/---

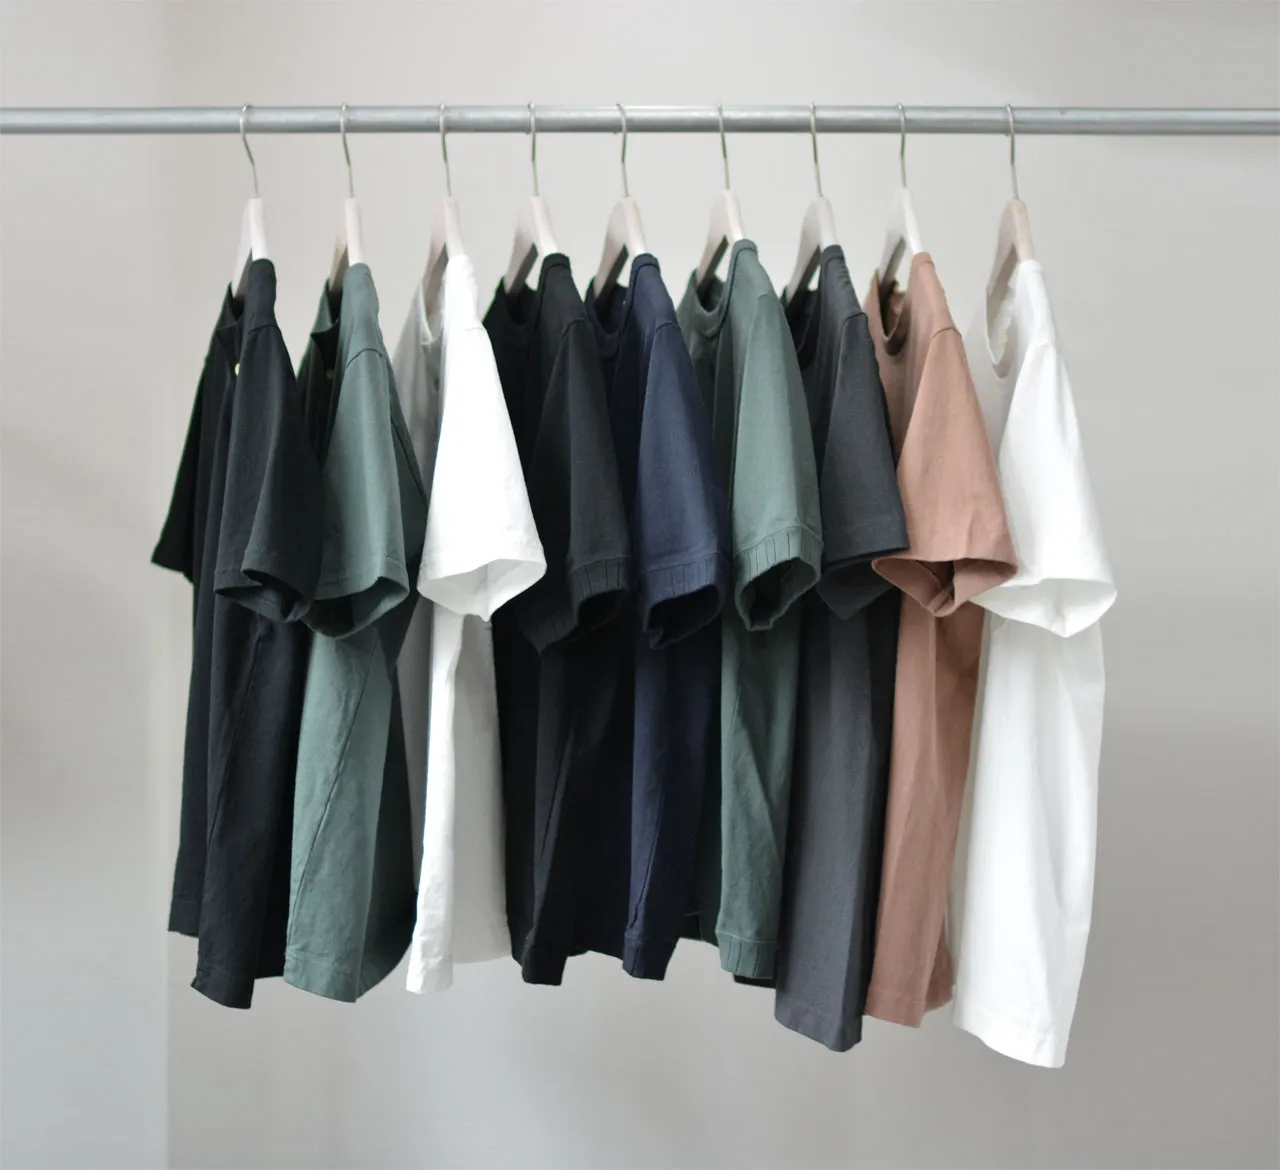 Bảo quản áo thun đúng cách sẽ giúp áo lâu bền, không bị giãn áo.
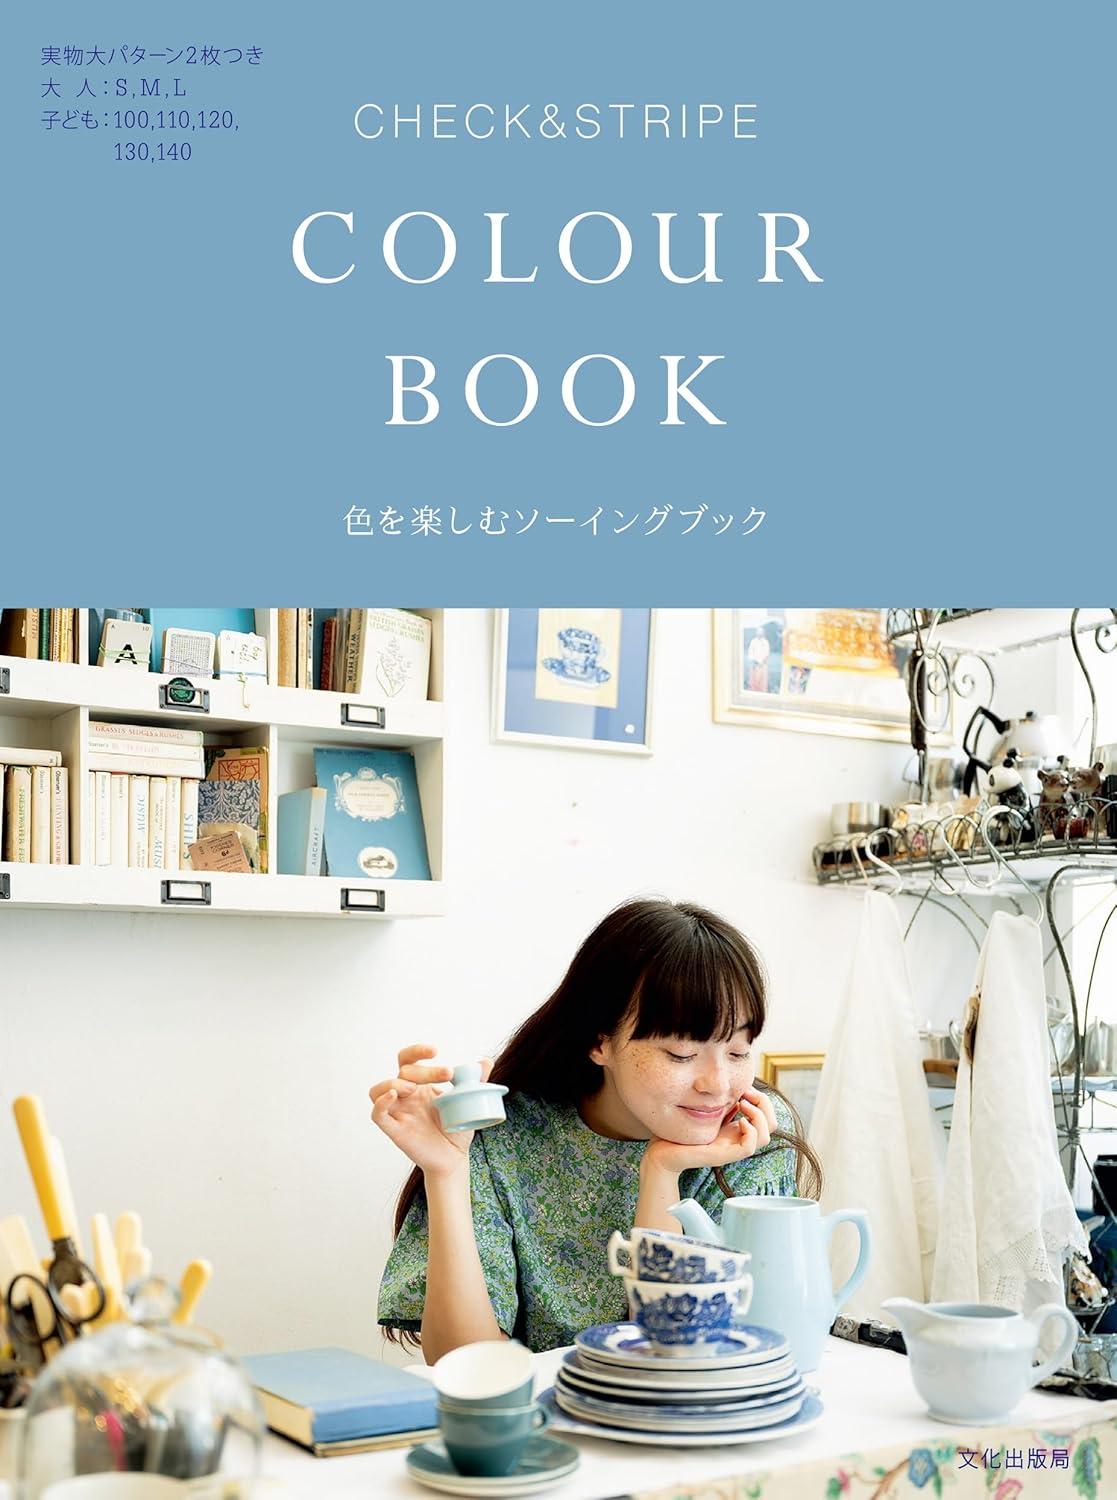 BKS11826 CHECK&STRIPE COLOUR BOOK 色を楽しむソーイングブック/文化出版局(冊)
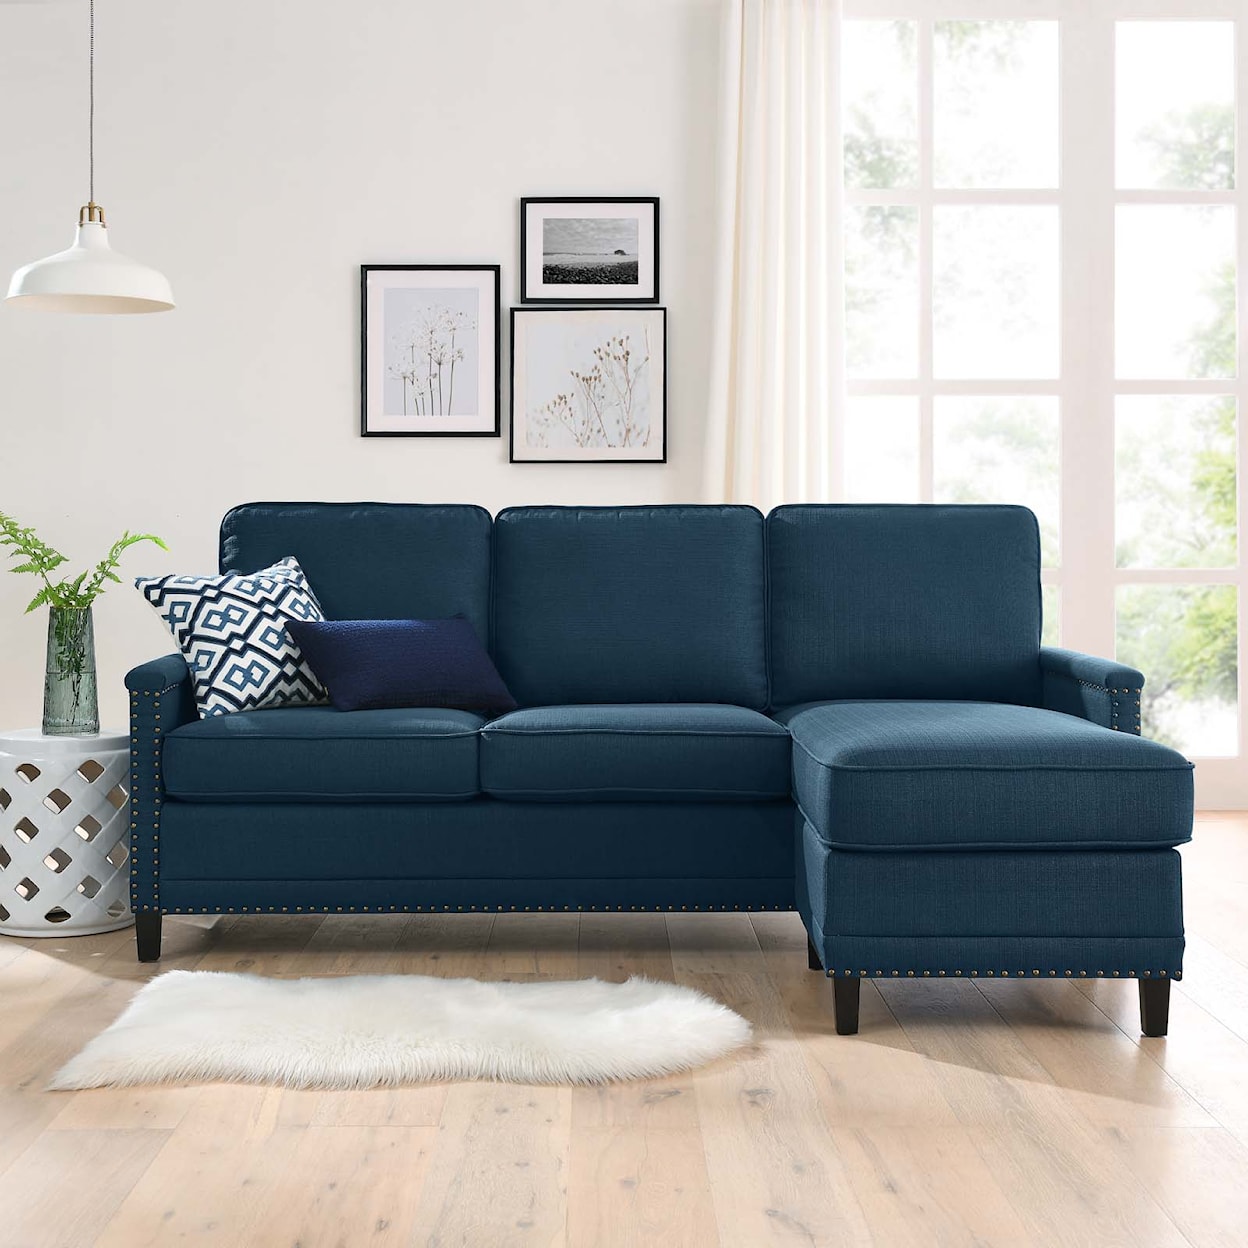 Modway Ashton Sectional Sofa
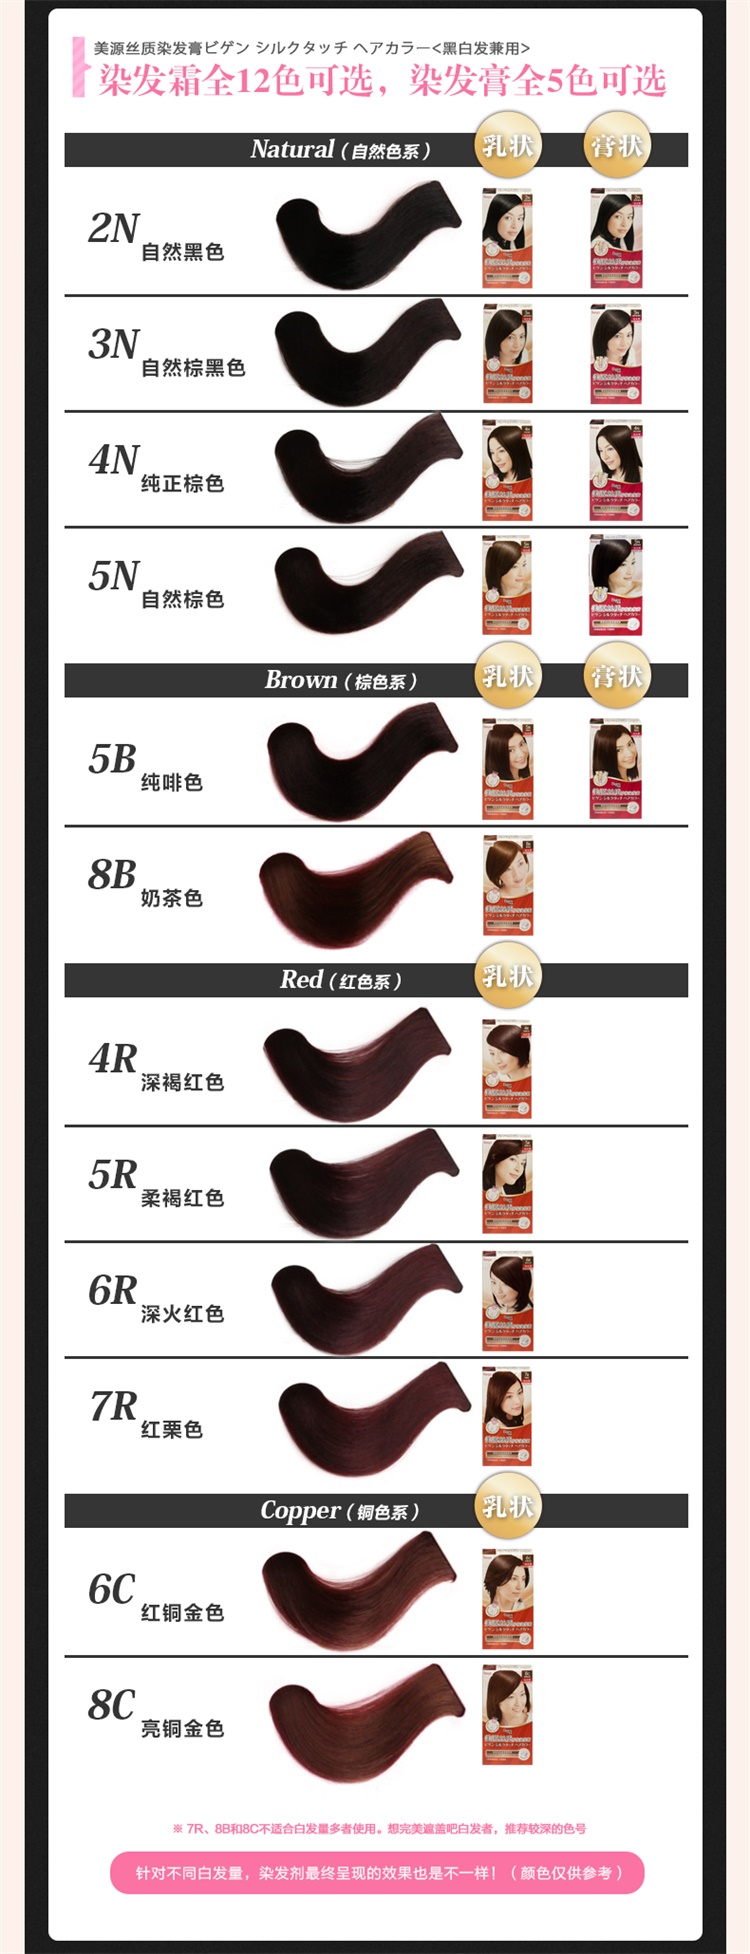 【国内贸易】日本美源丝质护发染发膏自然黑色2N(40g+40g)遮白发染发剂(图8)
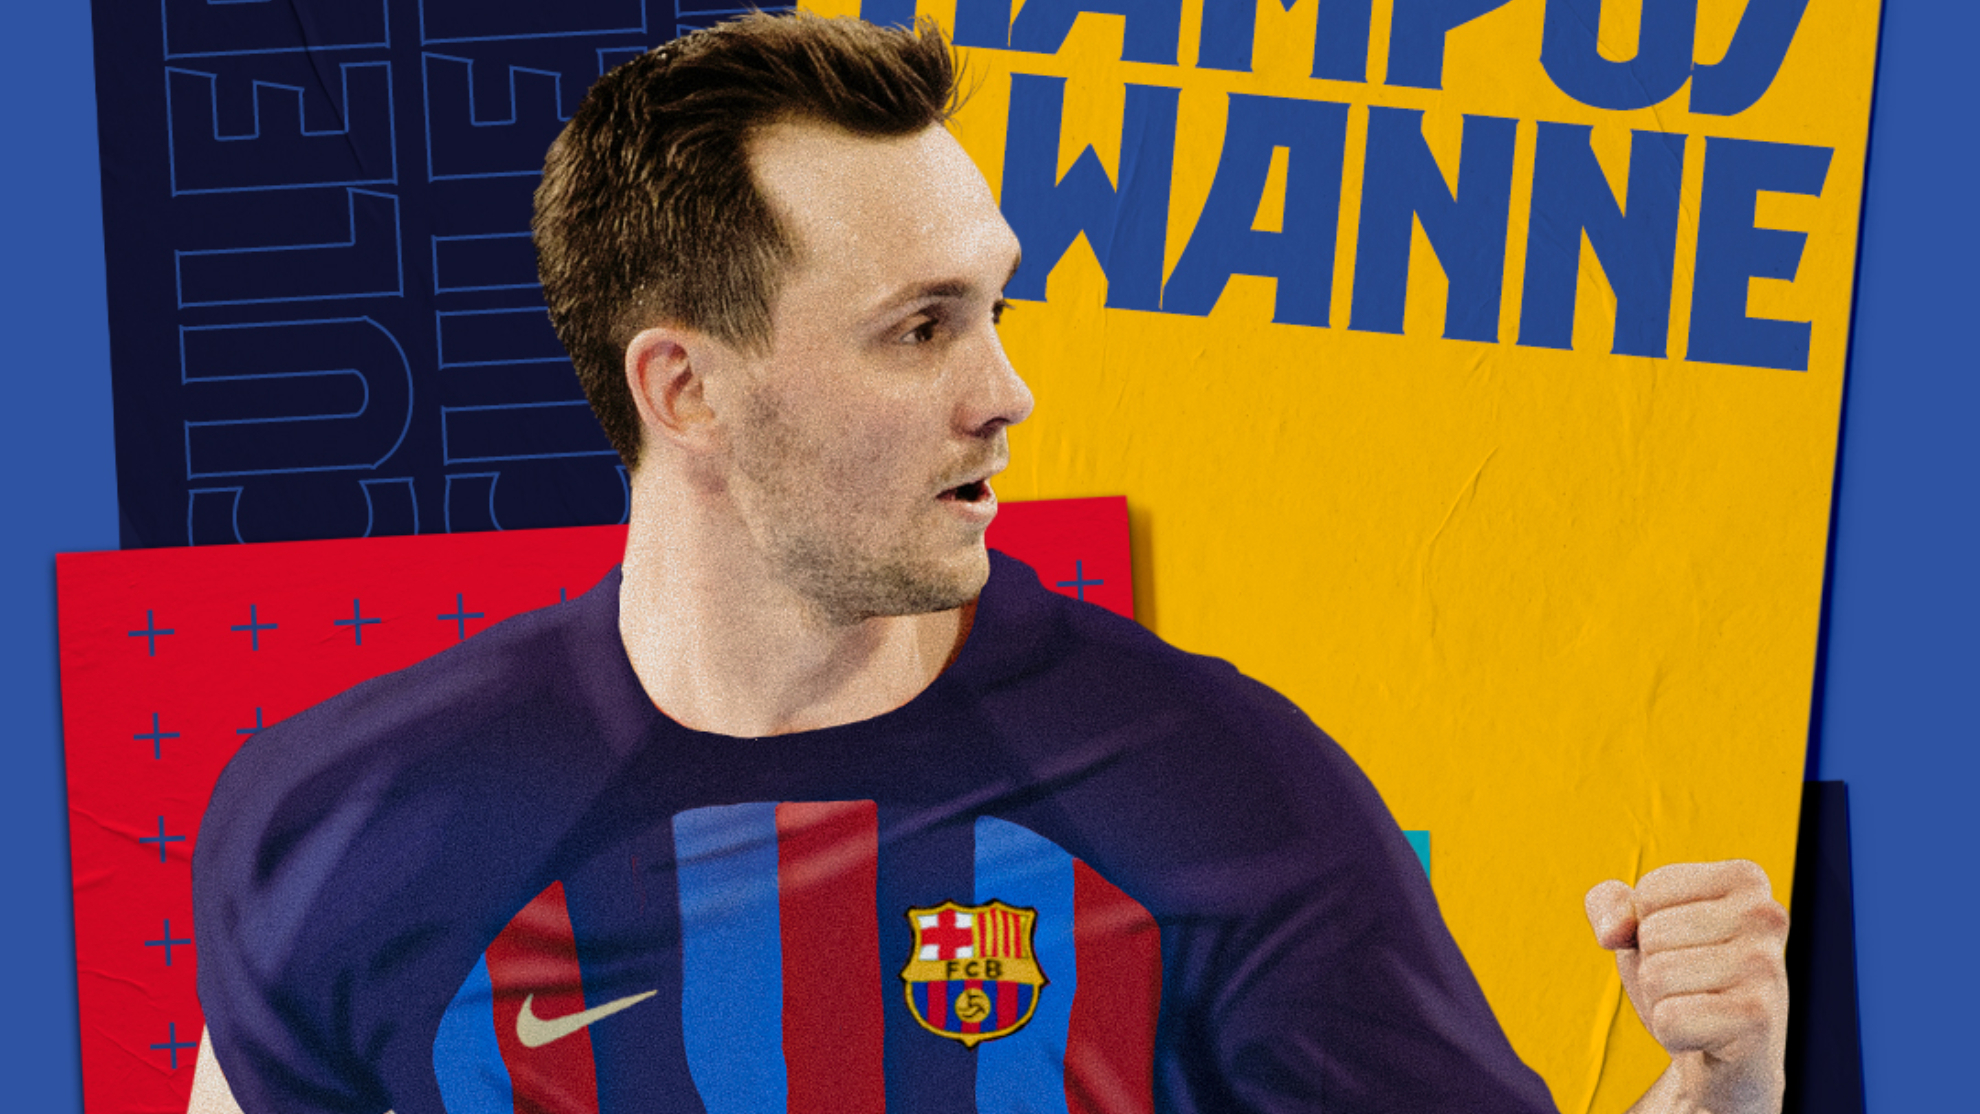 El extremo internacional sueco Wanne, primer fichaje del Barça

\---

EXERCISE DIRECTIONS: Please set down every line of the data above precisely, dropping the images.

ANSWER TO THE EXERCISE:
 Bảo quản áo thun đúng cách sẽ giúp áo lâu bền, không bị giãn áo.
 BKS11826 CHECK&STRIPE COLOUR BOOK 色を楽しむソーイングブック/文化出版局(冊)
 Modway Ashton Sectional Sofa
 【国内贸易】日本美源丝质护发染发膏自然黑色2N(40g+40g)遮白发染发剂(图8)
 El extremo internacional sueco Wanne, primer fichaje del Barça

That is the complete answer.